Все внутритеатральные отношения, весь груз накопившихся взаимных обид, разочарований и неприязни был выплеснут в чеховский текст. Ефремов пытался превратить Чехова в памфлетиста. Интеллигентные герои Чехова ему тогда очень не нравились. Ему не нравилось, что они так много болтают и ничего не делают. Он внес в «Чайку» идейный разброд конца 60-х годов. Люди перестали слушать и слышать, они только выясняли отношения, пили, склочничали и ненавидели друг друга.
«Чайка» обозначила внутренний крах «товарищества на вере». Он совпал с крахом идеологии советского «шестидесятничества». Идея «очищения революции» исчерпала себя. В сентябре 1970 года Екатерина Фурцева представит Олега Ефремова труппе Художественного театра. Государство поручало ему руководить головным театральным предприятием страны. Актерам «Современника» Ефремов предложил в полном составе влиться в МХАТ. Двое суток изнуряющей бесплодной полемики ни к чему не привели. Большинство «современников» отказалось идти в академию. Горсткой соли, полагали они, не посолить болота.
Наша родословная
Визитная карточка Георгия Товстоногова уже предъявлена — спектакль «Идиот». Теперь пришло время поговорить подробнее об этой ключевой фигуре послесталинско- го театра.
Сам режиссер написал несколько книг, немало написано и о нем, тем не менее Товстоногов остается одним из самых загадочных персонажей советской сцены. Он ускользает от простых определений. Конечно, его миссия заключалась в том, чтобы соединить разорванные части нашей культуры — довоенной и послевоенной. В общем виде это неоспоримо, так же как неоспорима его собирательная способность. Выросший из мхатовского корня, он хорошо усвоил все, что можно было у Мейерхольда и Таирова. Он очень рано понял, какие возможности открывает брехтовская «поправка» в искусстве актера. Будучи одним из первых «выездных» наших режиссеров, он зорко всматривался в то, что делается в европейском театре. Он приобретал на Западе не только любимые им твидовые пиджаки, но нечто более существенное. Одним из первых прорубив окно в послевоенную Европу, он учитывал в своем искусстве работы Брука и Бергмана, которых хорошо знал. В конце 60-х он начал производить опыты по прививке поэтики абсурдистского театра к драматургии Горького. Ему и это сошло с рук.
По отношению к Товстоногову утвердилось понятие синтеза. Однако только из синтеза не рождаются крупнейшие режиссеры. Нужен был еще какой-то личный фермент, который придает любому синтезу черты неповторимой художественной индивидуальности. Товстоноговский «фермент» обнаружить трудно. Свой собственный голос он растворял в авторе и актерах, оставаясь верным себе только в одном — в профессионализме. Он был профессионалом, когда инсценировал Достоевского или Толстого. Но он оставался им и тогда, когда ставил спектакль о Ленине или воспевал коллективизацию в замечательном по актерскому ансамблю спектакле «Поднятая целина» по Михаилу Шолохову (1964). Вероятно, он держал этот уровень даже тогда, когда ставил (в конце 40-х годов) пьесу Шалвы Да- диани «Из искры...», посвященную Сталину.

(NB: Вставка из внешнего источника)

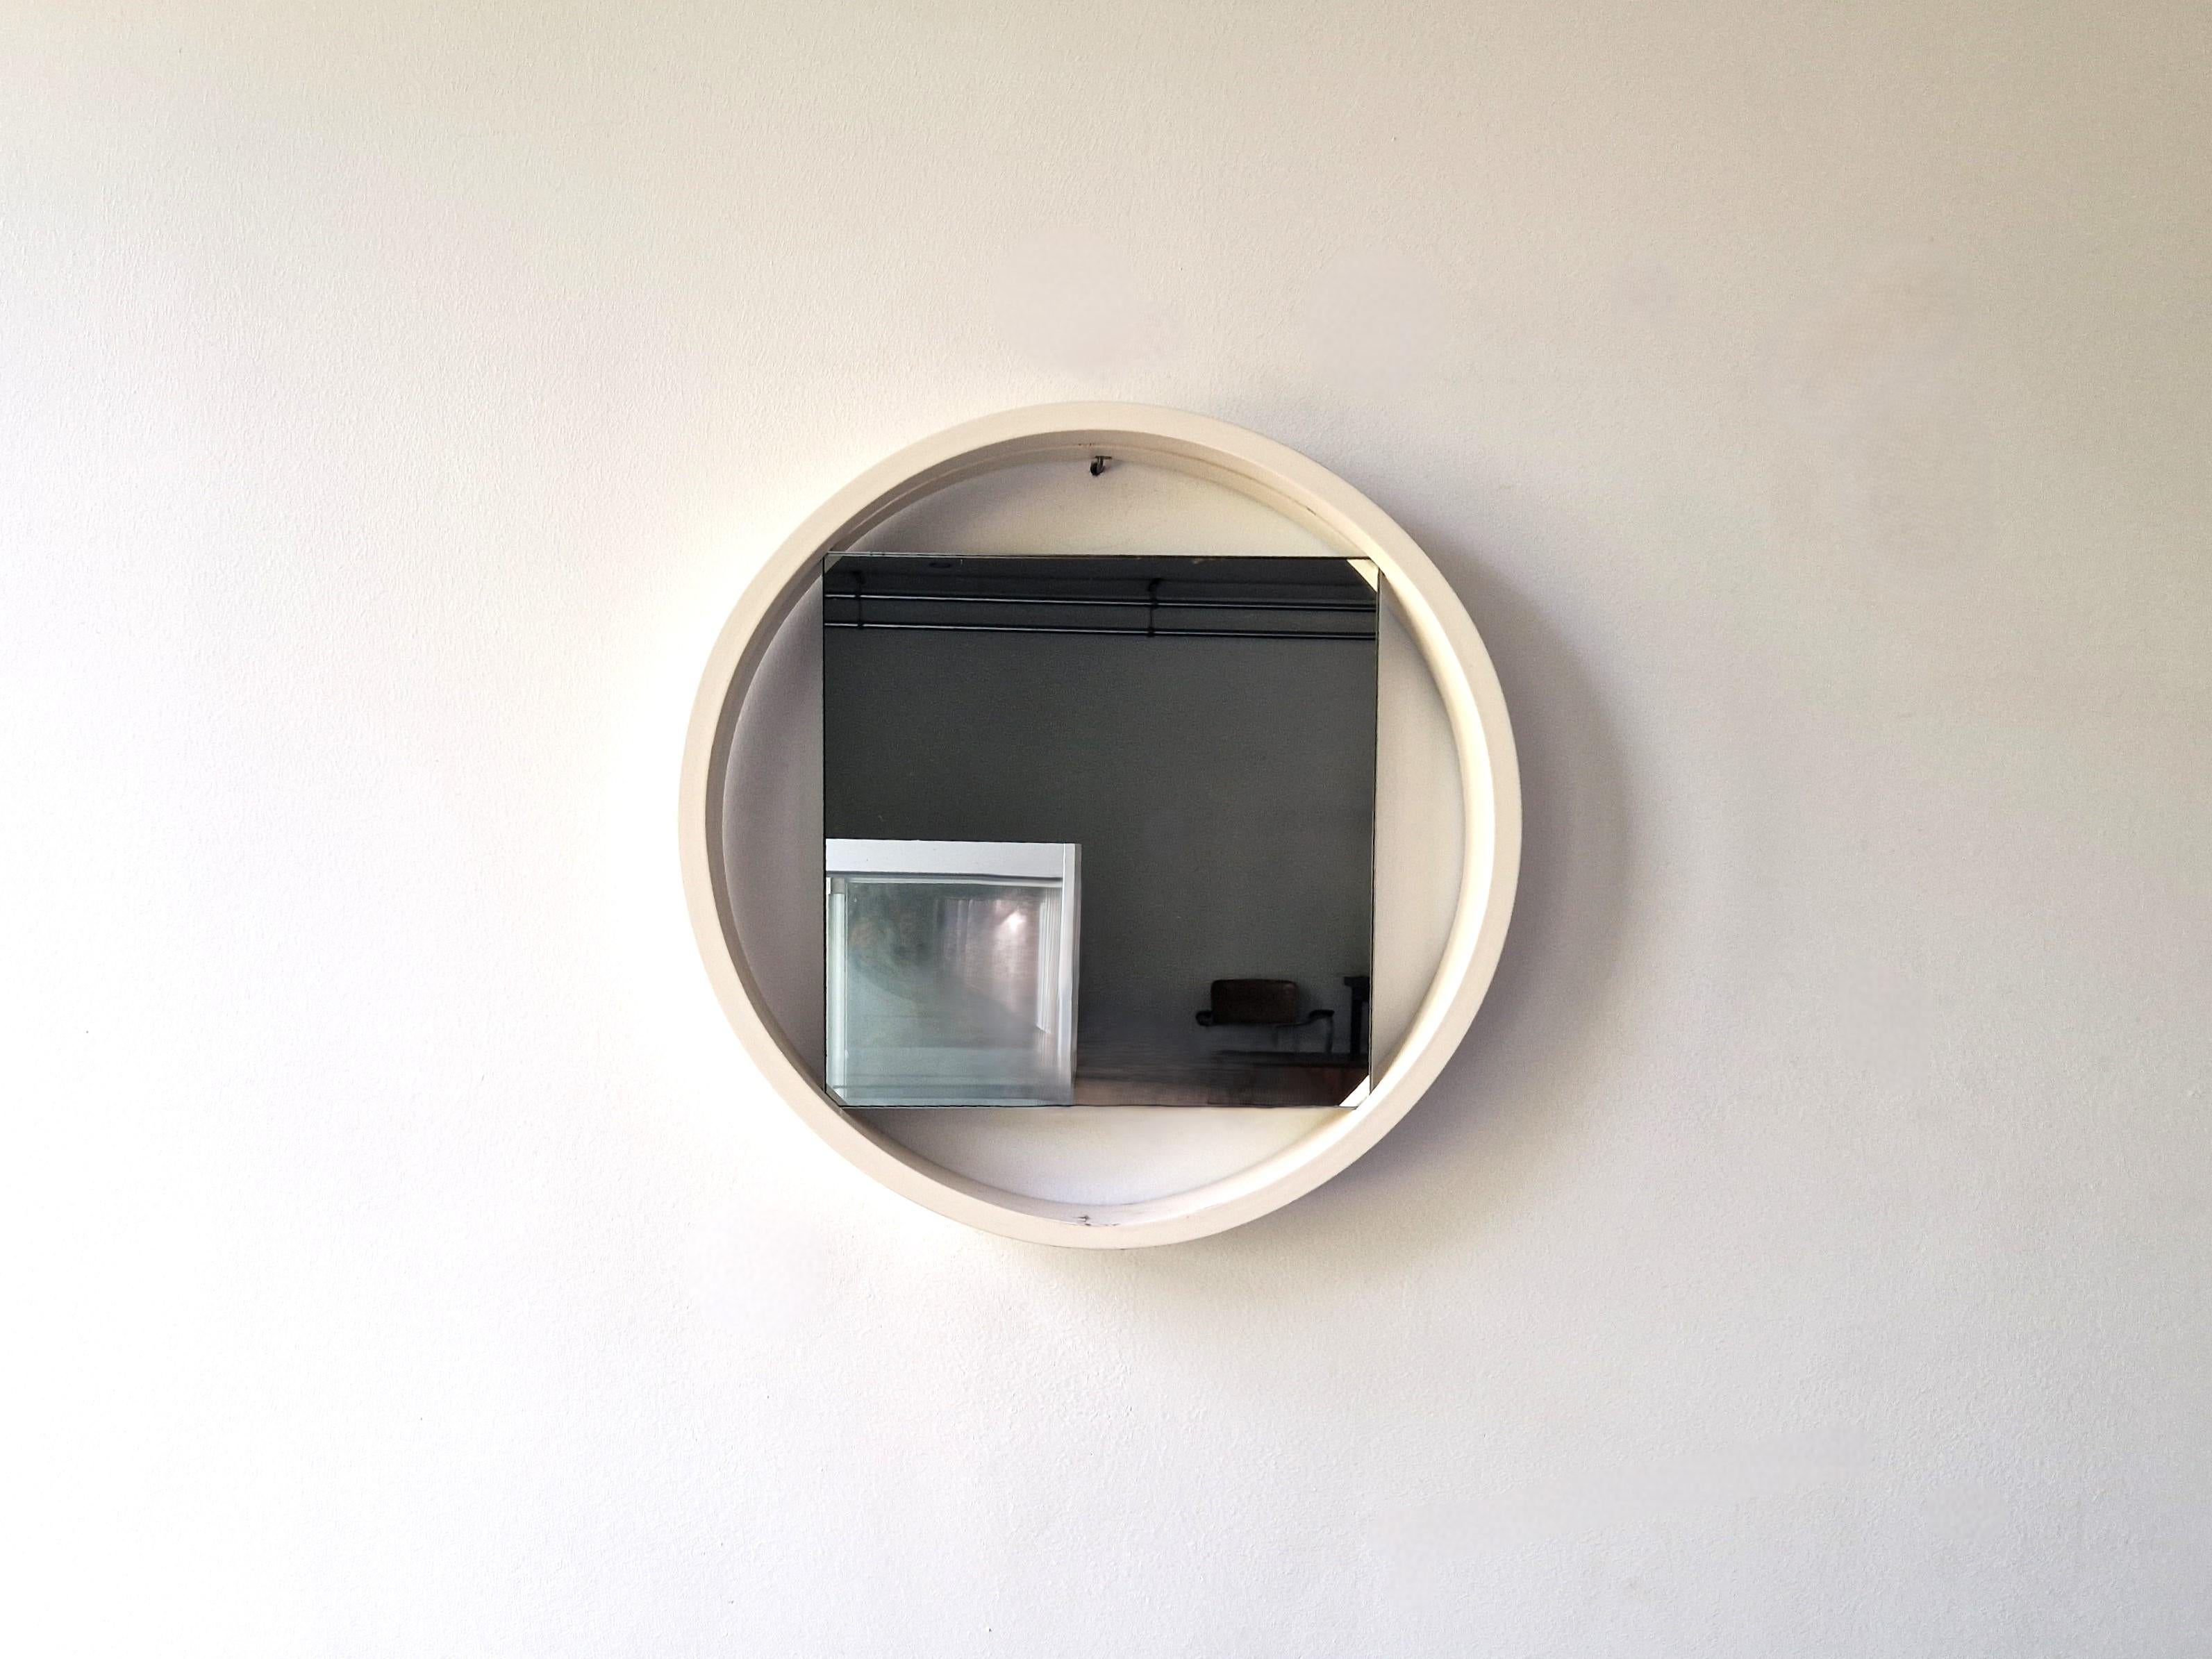 Ce miroir, modèle DZ84, a été conçu par Benno Premsela pour 't Spectrum. Un design minimaliste et très excitant. Le contraste et l'aspect ludique du cadre rond et du miroir carré en font une icône du design néerlandais. Ce modèle date de 1956 et a

Давно сказано, что у слов есть своя совесть. Настоящий поэт не может гнуть слова, как он хочет. Когда Мандельштам пытался вымучить гимн вождю, он разрушал себя, становился психически больным. А что происходит с режиссером в сходном случае? Каким образом Товстоногов вкладывал свой божий дар в «Поднятую целину»? Из каких источников питалась его вера и была ли она вообще? Об искренней любви Товстоногова к режиму не может быть и речи. Репрессии коснулись его семьи непосредственно. Страх поселился в нем с юности, стал источником его скрытой жизненной драмы, но и многих самых волнующих театральных композиций, в которых он этот страх преодолевал (о стране, в которой страх является движущей силой жизни, он поставил гоголевского «Ревизора»). Он сделал профессионализм своим якорем, спасительной опорой, символом веры. Это был его путь, его способ выживания, его ответ на загадку нашего Сфинкса.

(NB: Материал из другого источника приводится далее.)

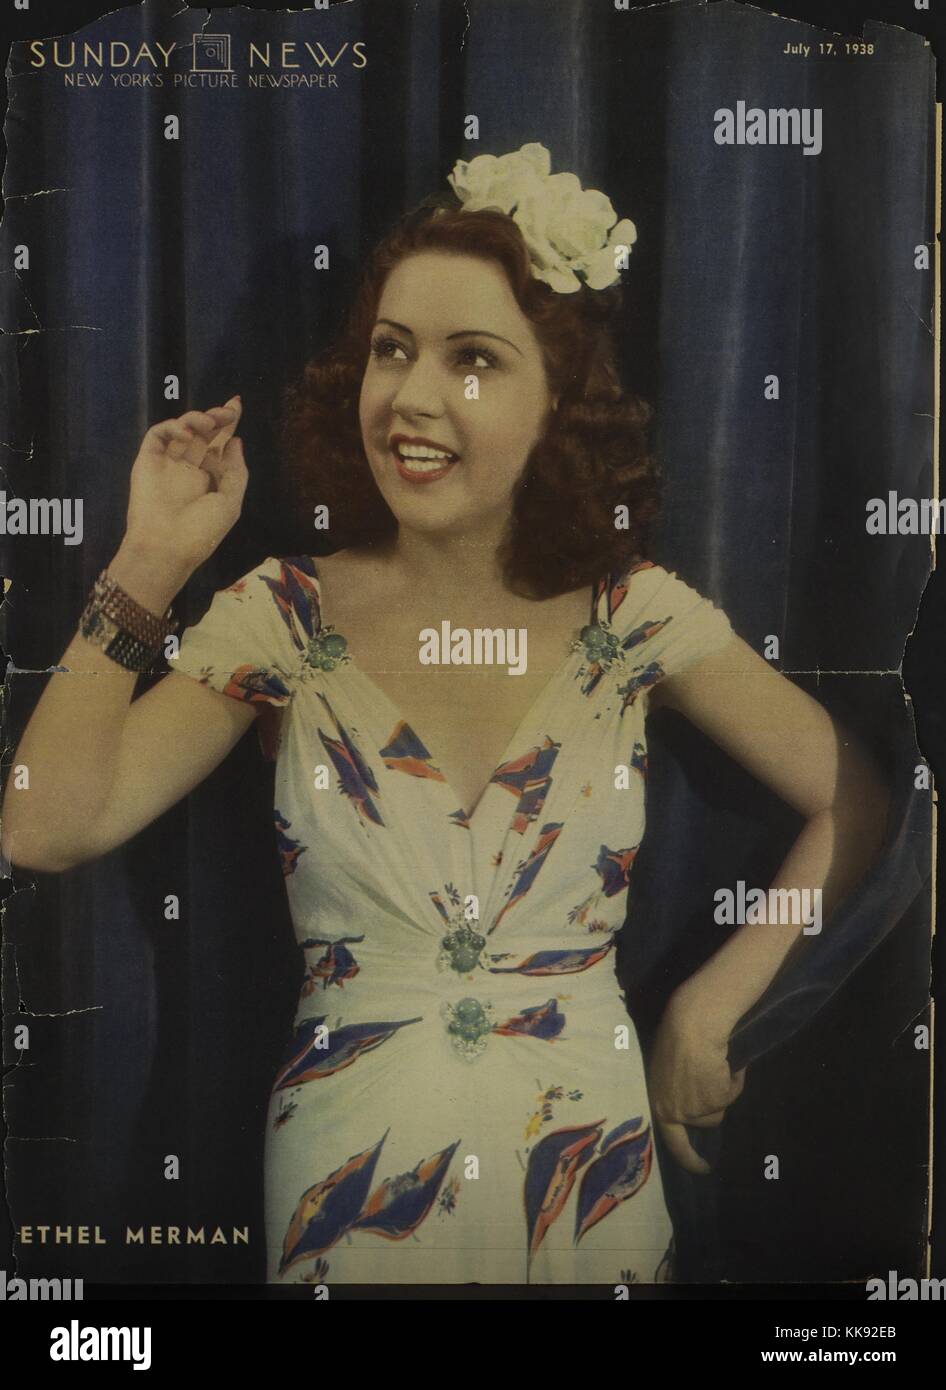 Ethel Merman, American attrice e cantante, noto soprattutto per la sua voce e i ruoli nel teatro musicale, che indossa un abito bianco con viola con motivi floreali, sul coperchio della New York domenica News, 1938. Dalla Biblioteca Pubblica di New York. Foto Stock

Он часто говорил, что не может нормально, как все люди, читать роман или какую-то книгу. Любой текст он воспринимал по-режиссерски, пытаясь тут же определить, что стоит за разговором, чего добивается один человек и чего хочет другой. Он проверял все по действию, уродовал свою читательскую психику, полностью подчинив ее задачам режиссуры. Он всю нашу жизнь открывал как пьесу с определенными предлагаемыми обстоятельствами. Он научился читать эти обстоятельства лучше, чем кто-либо иной. Свою собственную жизнь он превратил в пьесу, пытаясь угадать и сыграть ту роль, которую ему уготовило время.